[Description of the task]:
The required output is the exact run of lines from the one bearing "rest assured mattresses reviews" through the final line of the listing below, with the pictures removed.
>>>>
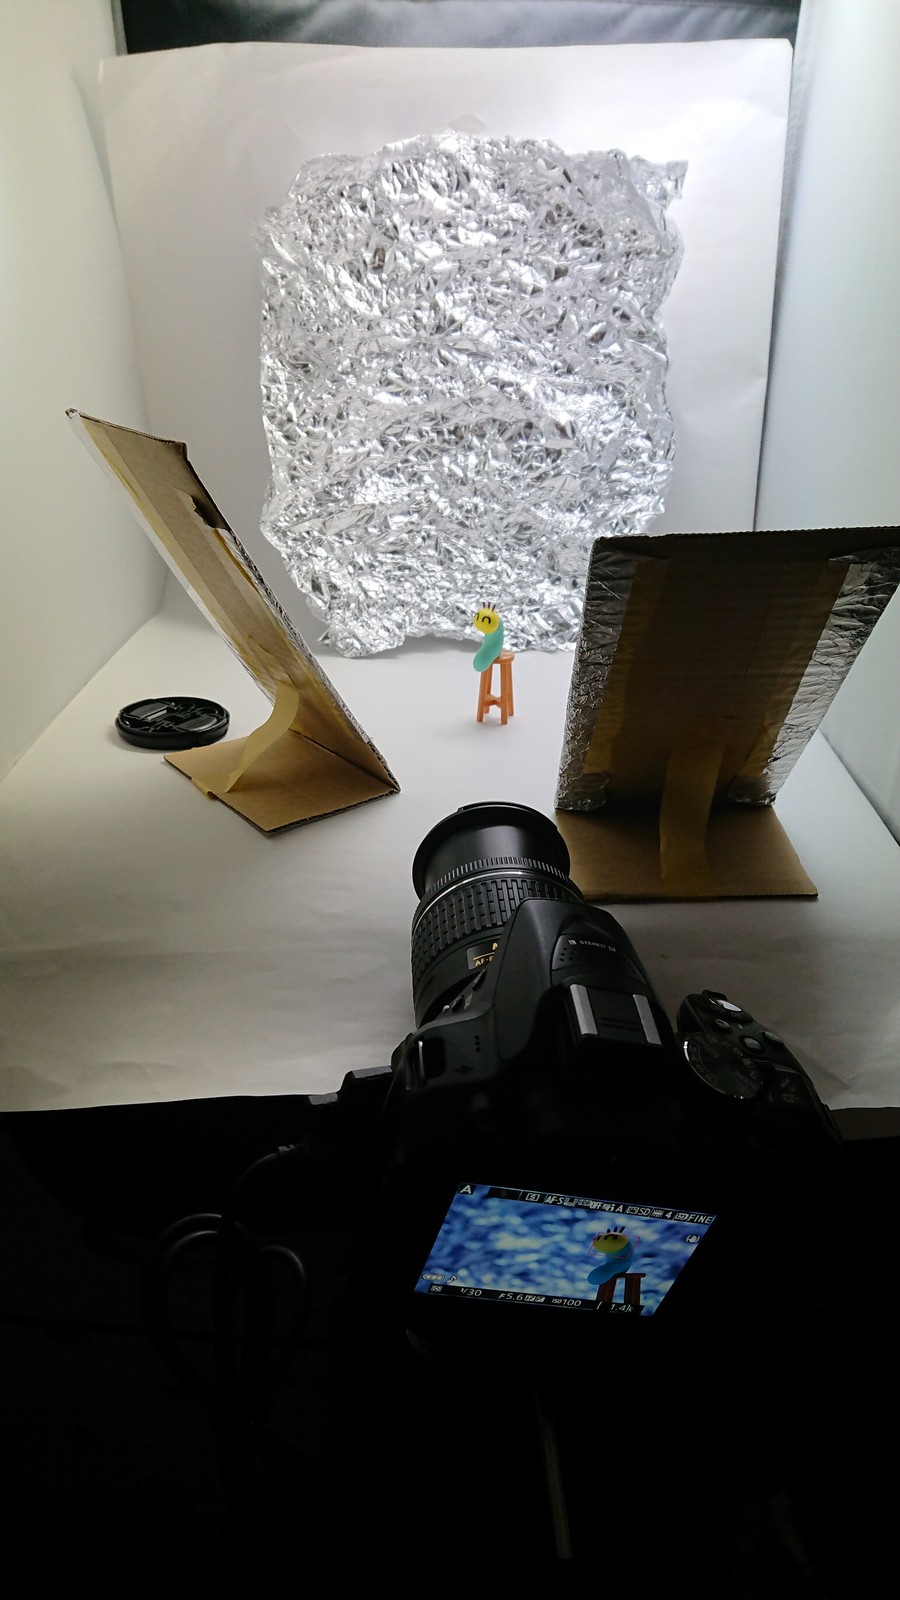 アルミホイルを背景に ホワイトバランスの使い方が生かされるフィギュア撮影 関節フィギュア庫
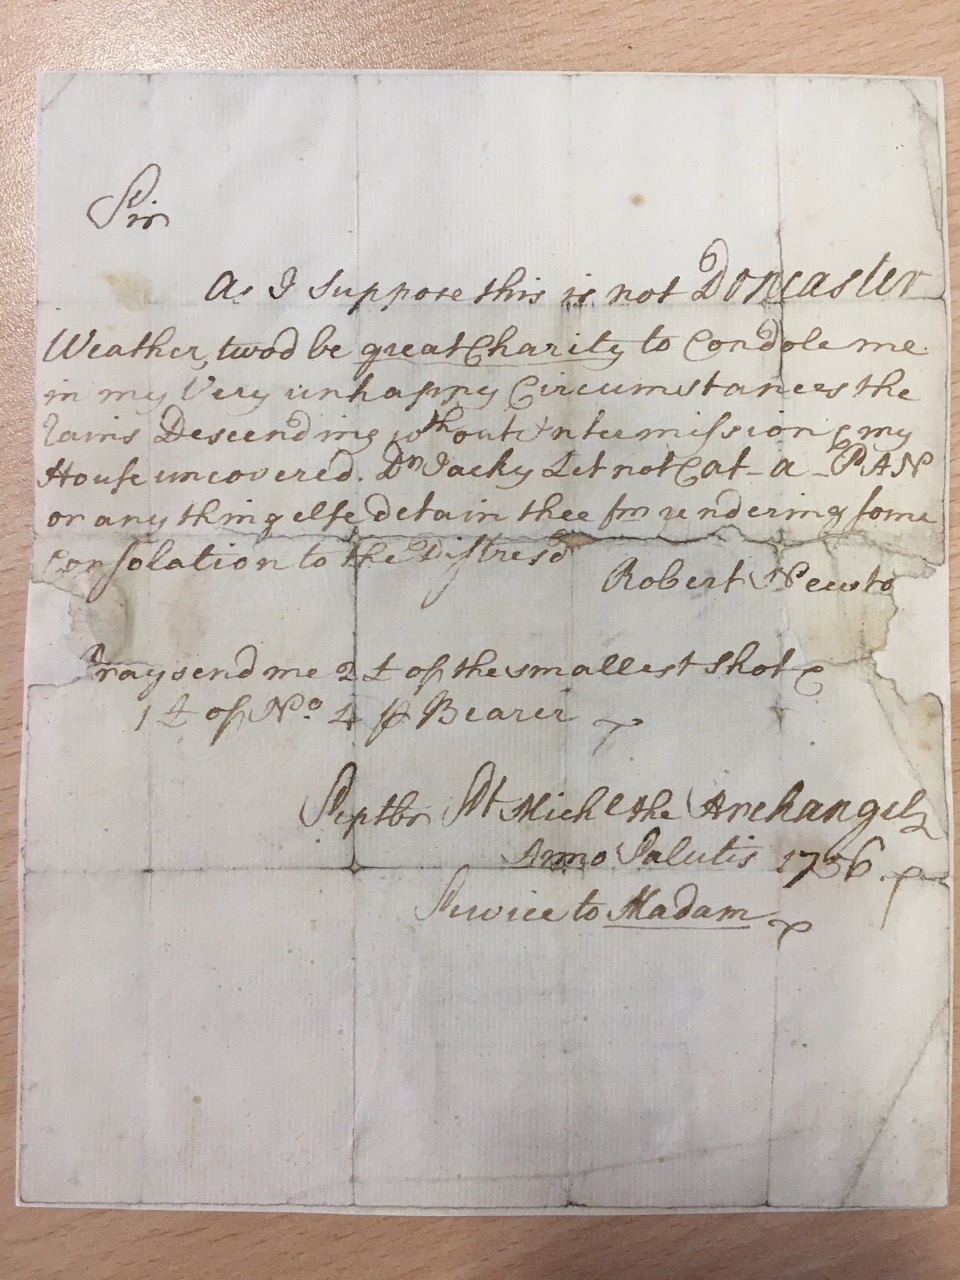 Image #1 of letter: Robert Newton to John Girdler, {?29 September} 1756
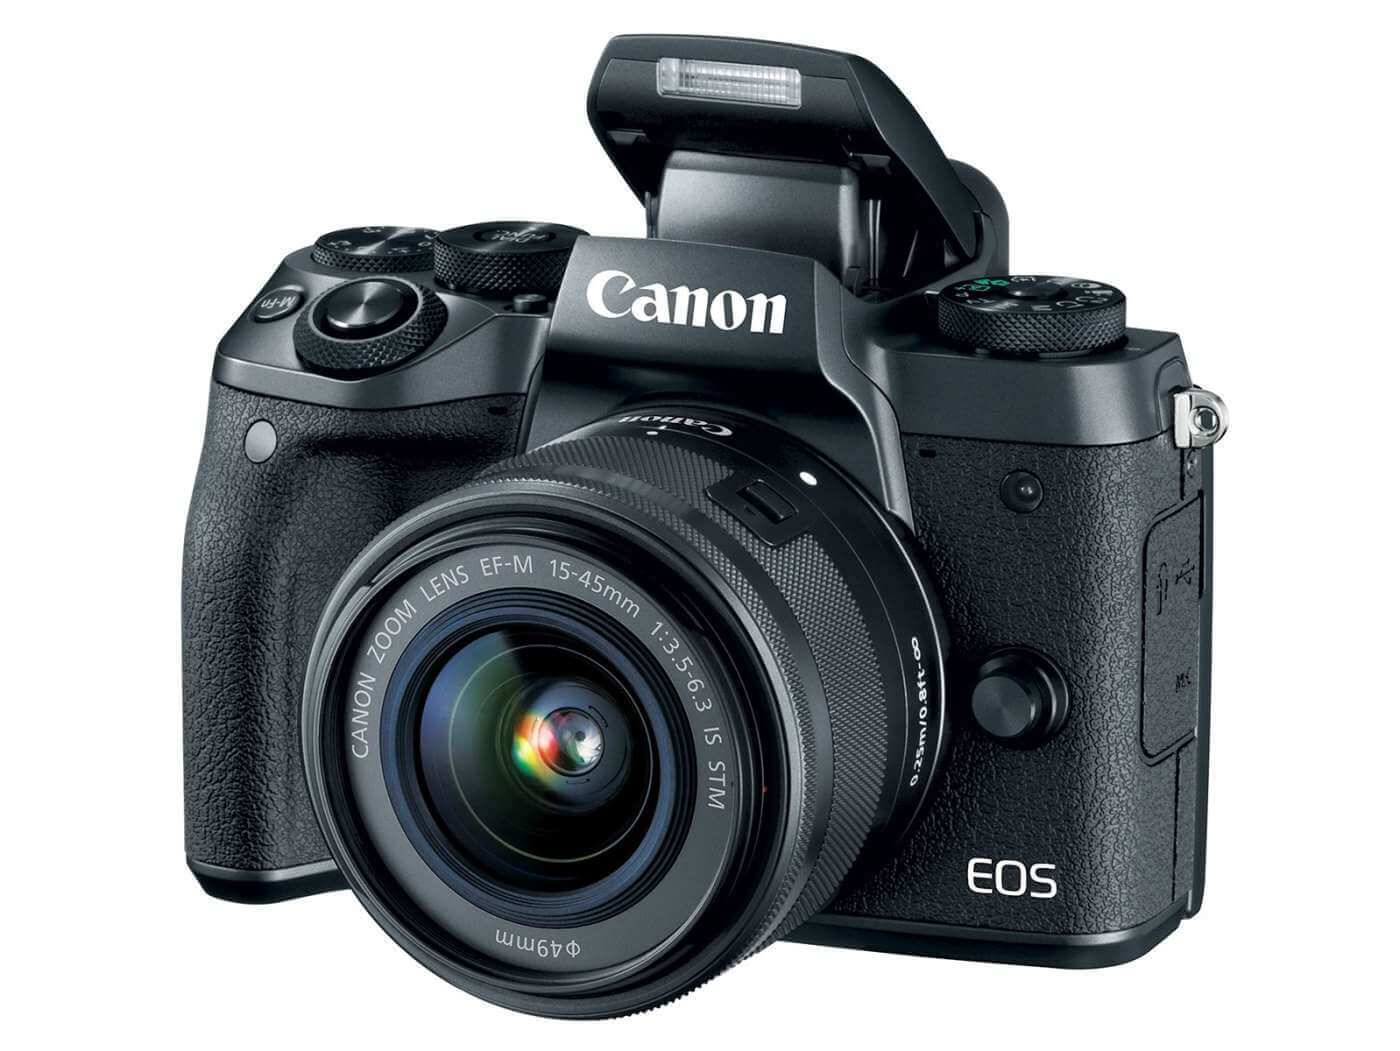 Canon представила флагманскую беззеркалку EOS M5 и объектив EF
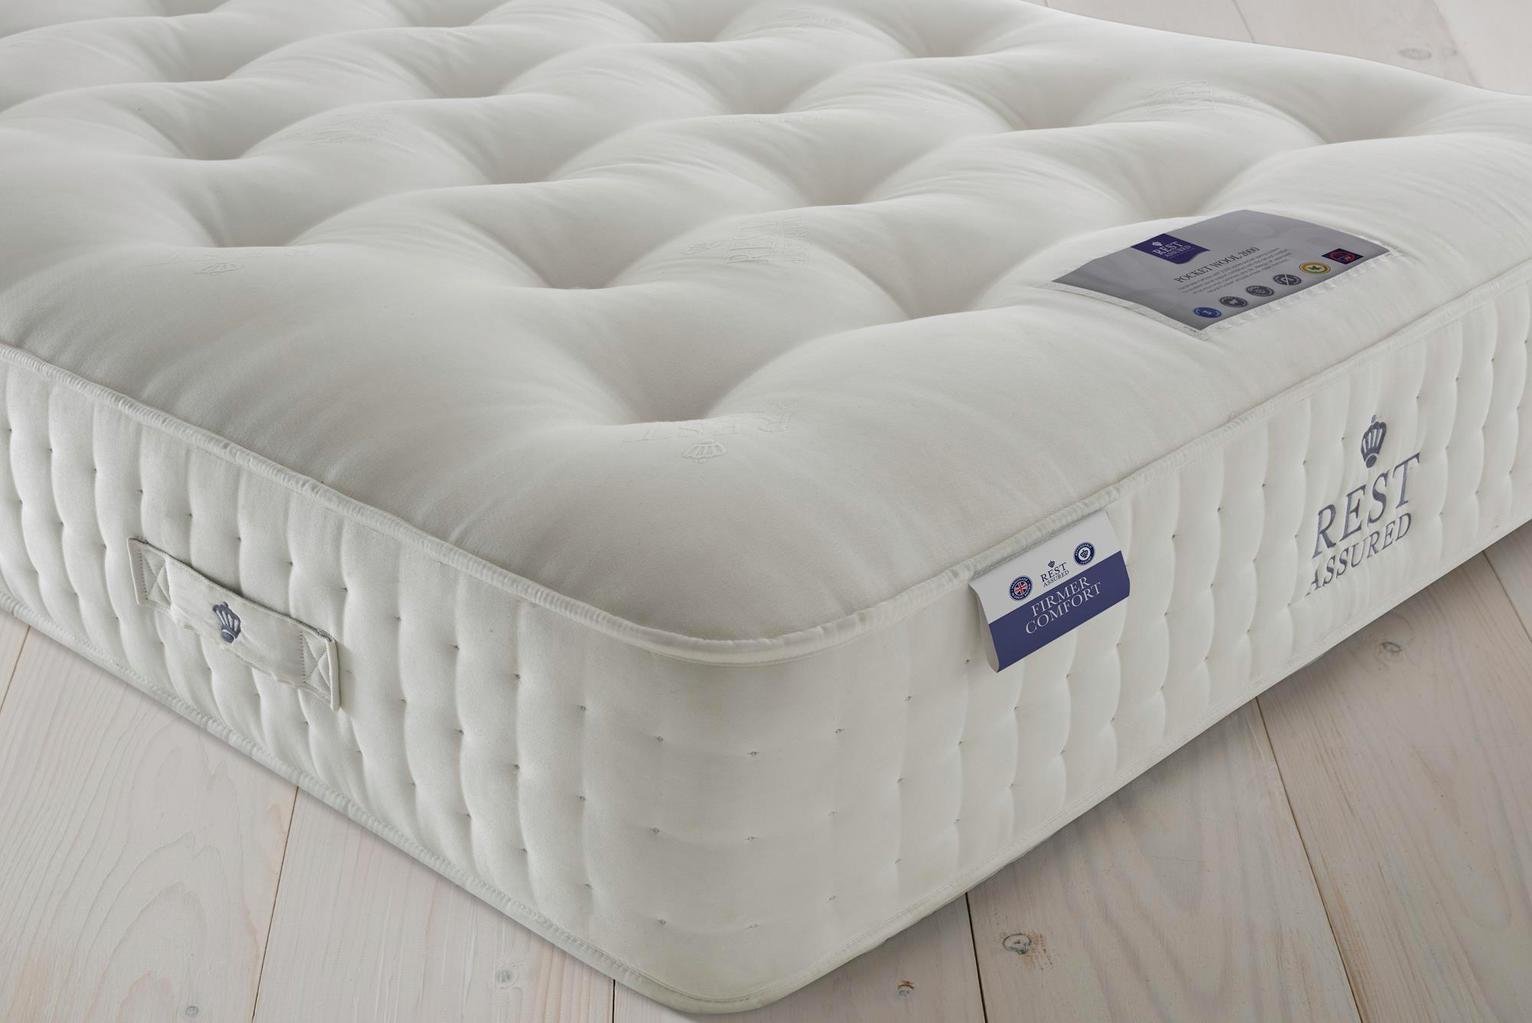 rest assured mattresses reviews
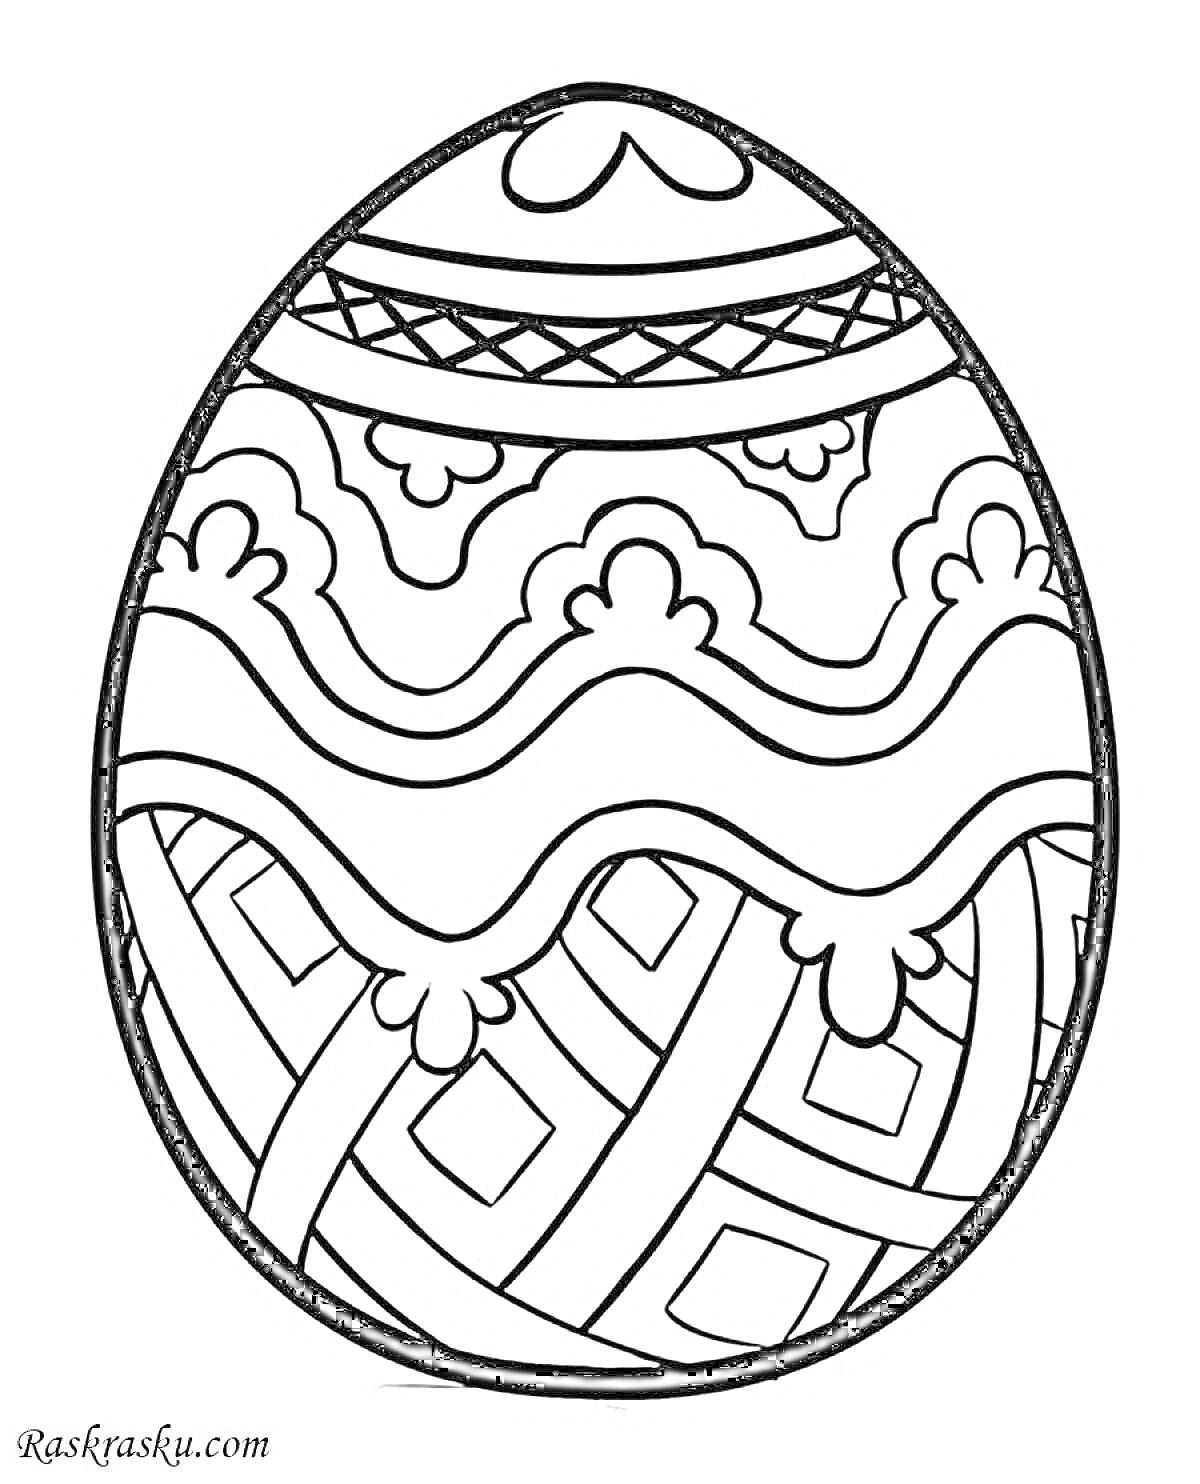 Раскраска Пасхальное яйцо с узорами в виде лент, волн и геометрических фигур
<<<<
[Answer box]:
 rest assured mattresses reviews
 Раскраска Пасхальное яйцо с узорами в виде лент, волн и геометрических фигур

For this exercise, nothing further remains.